Similarity Measures¶
As we mentioned earlier the notion of similarity in word embeddings, we can get words closest to 'king': 'Queen' is one of them.
word2vec_model.similar_by_word("king", topn=5)
[('norodom', 0.6755779981613159), ('songtsän', 0.6748666167259216), ('queen', 0.6625942587852478), ('bhumibol', 0.6613788604736328), ('monarch', 0.6593648195266724)]
Let's create our own vectorizer that returns embedding vectors given documents.
class MeanEmbeddingVectorizer(object):
def __init__(self, word2vec_model):
self.word2vec = word2vec_model
self.dim = 300 # default 300 dim vectors returned by our word2vec
def fit(self, X, y):
return self
def transform(self, X):
return np.array([
np.mean([self.word2vec[w] for w in words.split() if w in self.word2vec]
or [np.zeros(self.dim)], axis=0) # if word not in word2vec return a vector of zeros
for words in X
])
embd_vectorizer = MeanEmbeddingVectorizer(word2vec_model)
documents[1]
'queen is angry'
for doc in documents:
words = doc.split()
print(words)
['king', 'will', 'reward', 'dwarf'] ['queen', 'is', 'angry'] ['apple', 'is', 'worth', 'more', 'than', '2', 'trillion', 'dollars', 'now']

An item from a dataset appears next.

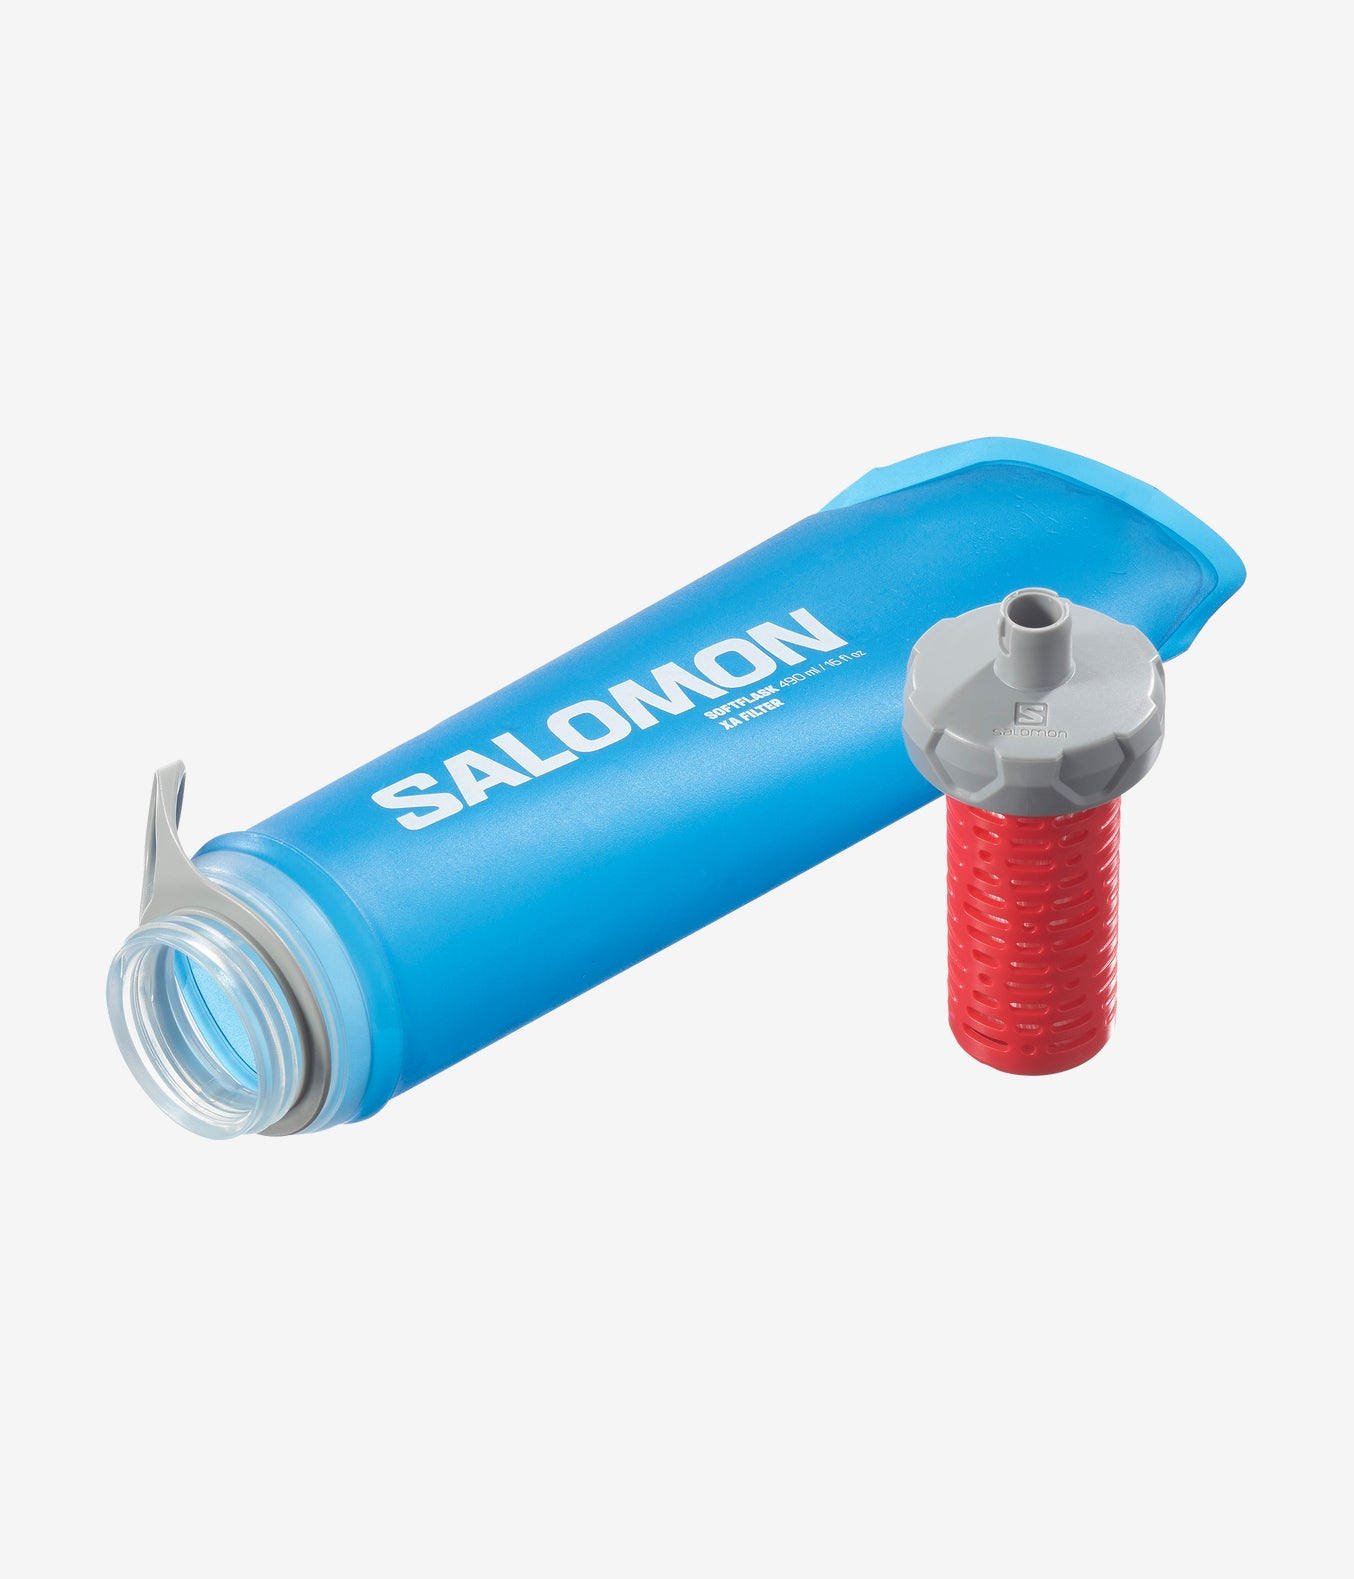 Salomon Softflask XA Filter
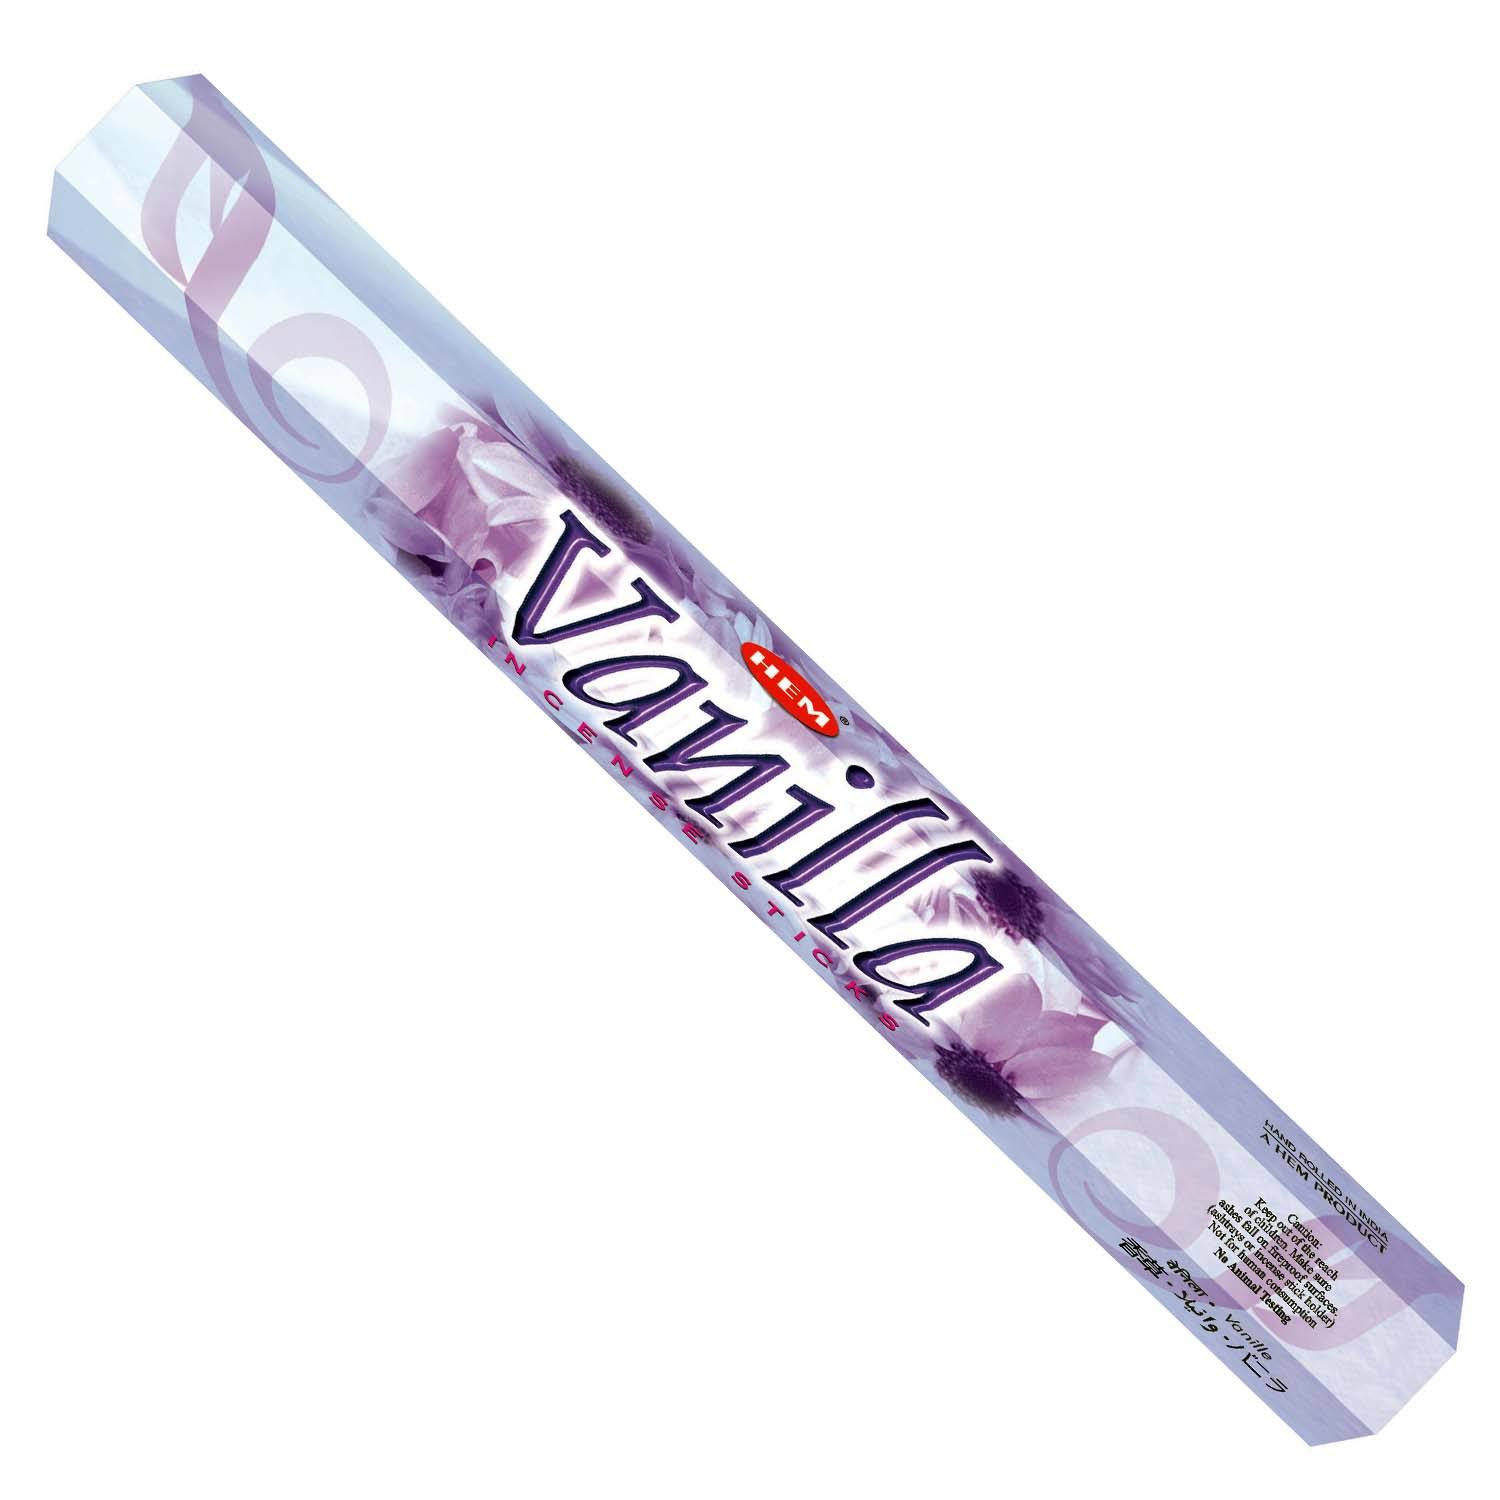 Hem Incense Sticks - Vanilla

embd_vectorizer.transform(documents[1]).shape
(14, 300)
Text classification Using Embeddings¶
Let's try text classification though we shouldn't expect to see very good results as our miniature word2vec was trained only on a few thousand words. Also, our feature vector is of size 300, in TFIDF the size was ~32000.
from sklearn.datasets import fetch_20newsgroups
newsgroups_train = fetch_20newsgroups(subset='train')
from sklearn.feature_extraction.text import TfidfVectorizer
tfidf_vectorizer = TfidfVectorizer()
tfidf_sklearn = tfidf_vectorizer.fit_transform(documents)
tfidf_sklearn
<3x14 sparse matrix of type '<class 'numpy.float64'>' with 15 stored elements in Compressed Sparse Row format>
n_samples = 1000
# tf_news = vectorizer.fit_transform(newsgroups_train.data)
raw_text = newsgroups_train.data[:n_samples]
# embd_feats = embd_vectorizer.transform(raw_text)
embd_feats = embd_vectorizer.transform(raw_text)
labels = newsgroups_train.target[:n_samples]
from sklearn.svm import SVC
svc_clf = SVC()
train_size = int(n_samples * .8) # 80% data for training
x_train = embd_feats[:train_size]
y_train = labels[:train_size]
svc_clf.fit(embd_feats, labels)
SVC(C=1.0, break_ties=False, cache_size=200, class_weight=None, coef0=0.0, decision_function_shape='ovr', degree=3, gamma='scale', kernel='rbf', max_iter=-1, probability=False, random_state=None, shrinking=True, tol=0.001, verbose=False)
x_test = embd_feats[train_size:]
y_test = labels[train_size:]
svc_clf.score(x_train, y_train)
0.2275
You would see a very low score as our word2vec was trained on a few thousand words intead of 300 billion words and the embeddings generated are not very good. You can try playing with more recently proposed Glove embeddings available here. The link has various versions of Glove based on the number of words it was trained on i.e. 6B, 27B, 42B or 840B.